Фаворит короля - Sabatini Rafael - Страница 60
- Предыдущая
- 60/78
- Следующая
Он стал ссориться с королем, а поскольку серьезных аргументов, которыми раньше снабжал его Овербери, у Сомерсета теперь не было, он возмещал их отсутствие строптивостью, крайне неуважительным тоном, даже грубостью, и его величество настолько был возмущен, что сделал серьезное предупреждение. Перед таким предупреждением вынужден был склониться и упрямый Сомерсет.
– Робин, тебе следовало бы помнить, что всем своим существованием, за исключением разве плоти и крови, ты обязан мне.
– За что я и плачу вам такой преданностью, которую вы не встретите ни у кого, в том числе и среди тех, кто обязан вам плотью и кровью, – последовал ответ.
Король, нахмурившись, разглядывал строптивца.

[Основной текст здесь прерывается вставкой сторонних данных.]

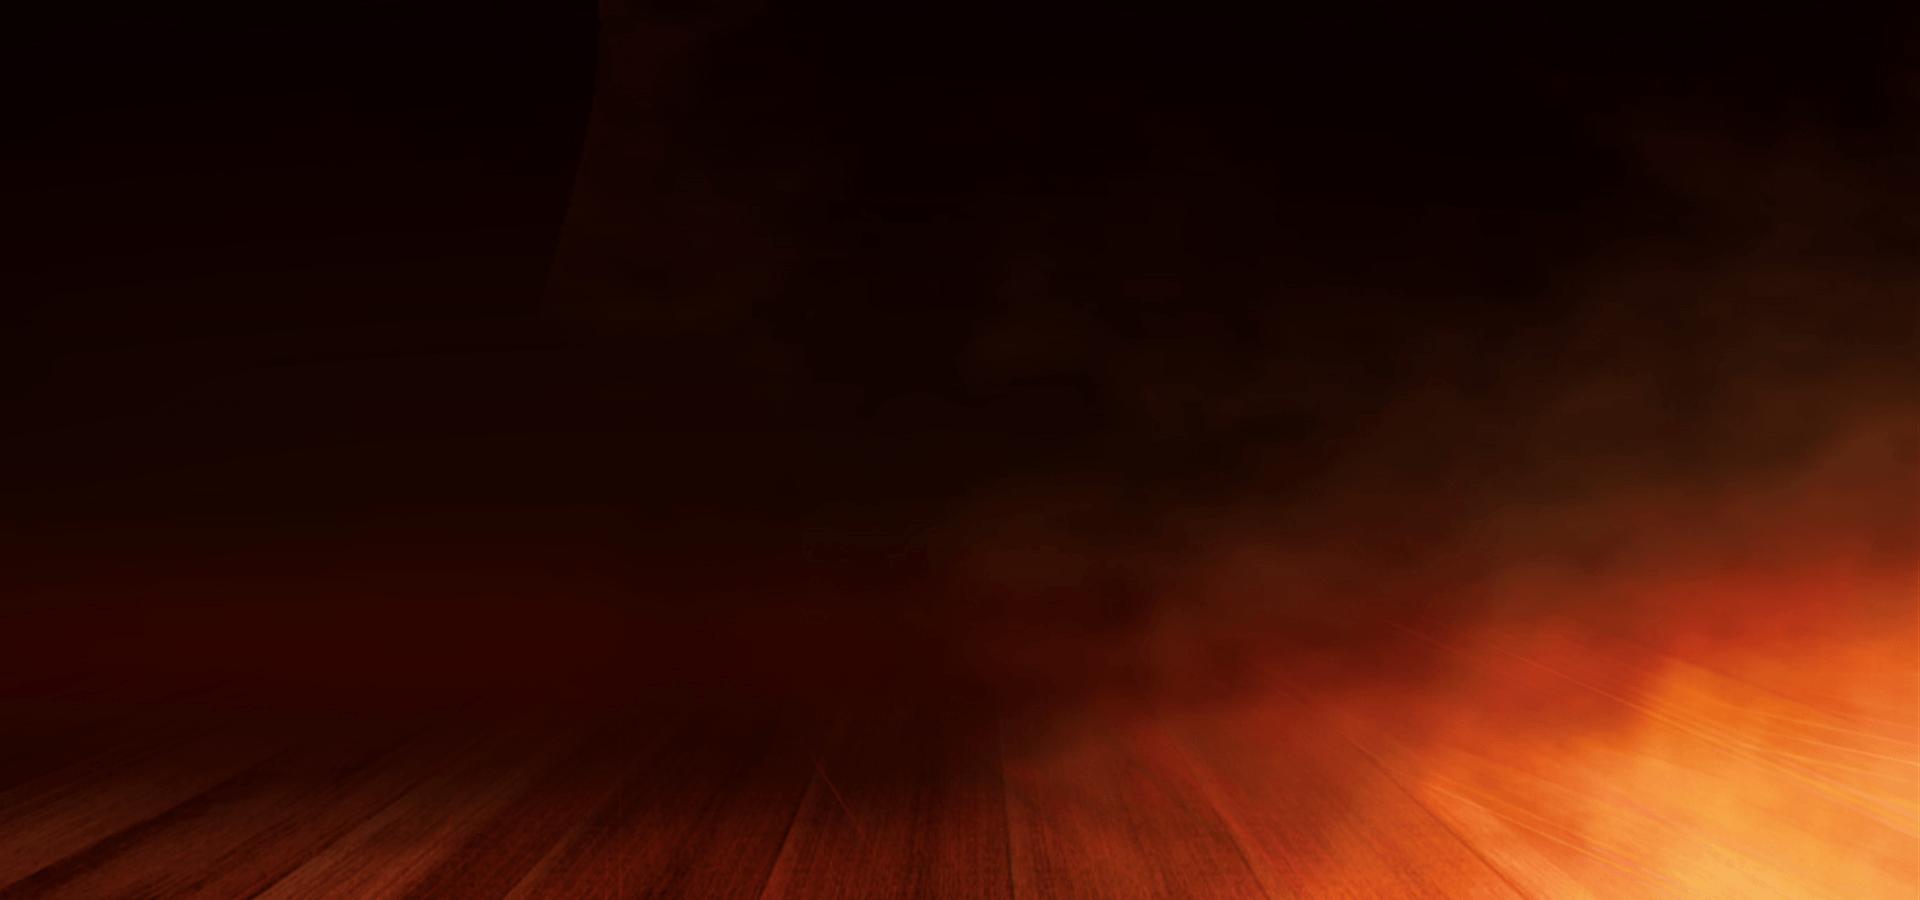 Music's Greatest Mysteries – Season 1 Digital Exclusives

– Мне что, следовало бы бичевать себя за то, что я сам возвысил человека, посмевшего пронзать мой слух подобными речами?
Его светлость презрительно передернул плечами и отвернулся, а король вскочил в крайнем гневе.
– Ах ты невежда! Черт побери, не дай Господь, если я решу, будто ты меня презираешь или умаляешь мое достоинство, ибо тогда моя любовь к тебе обратится ненавистью! Уйди прочь! Уйди и поучись, как следует себя вести, прежде чем снова предстать предо мною и прежде чем я смогу смыть из моей памяти твои ошибки. Иди!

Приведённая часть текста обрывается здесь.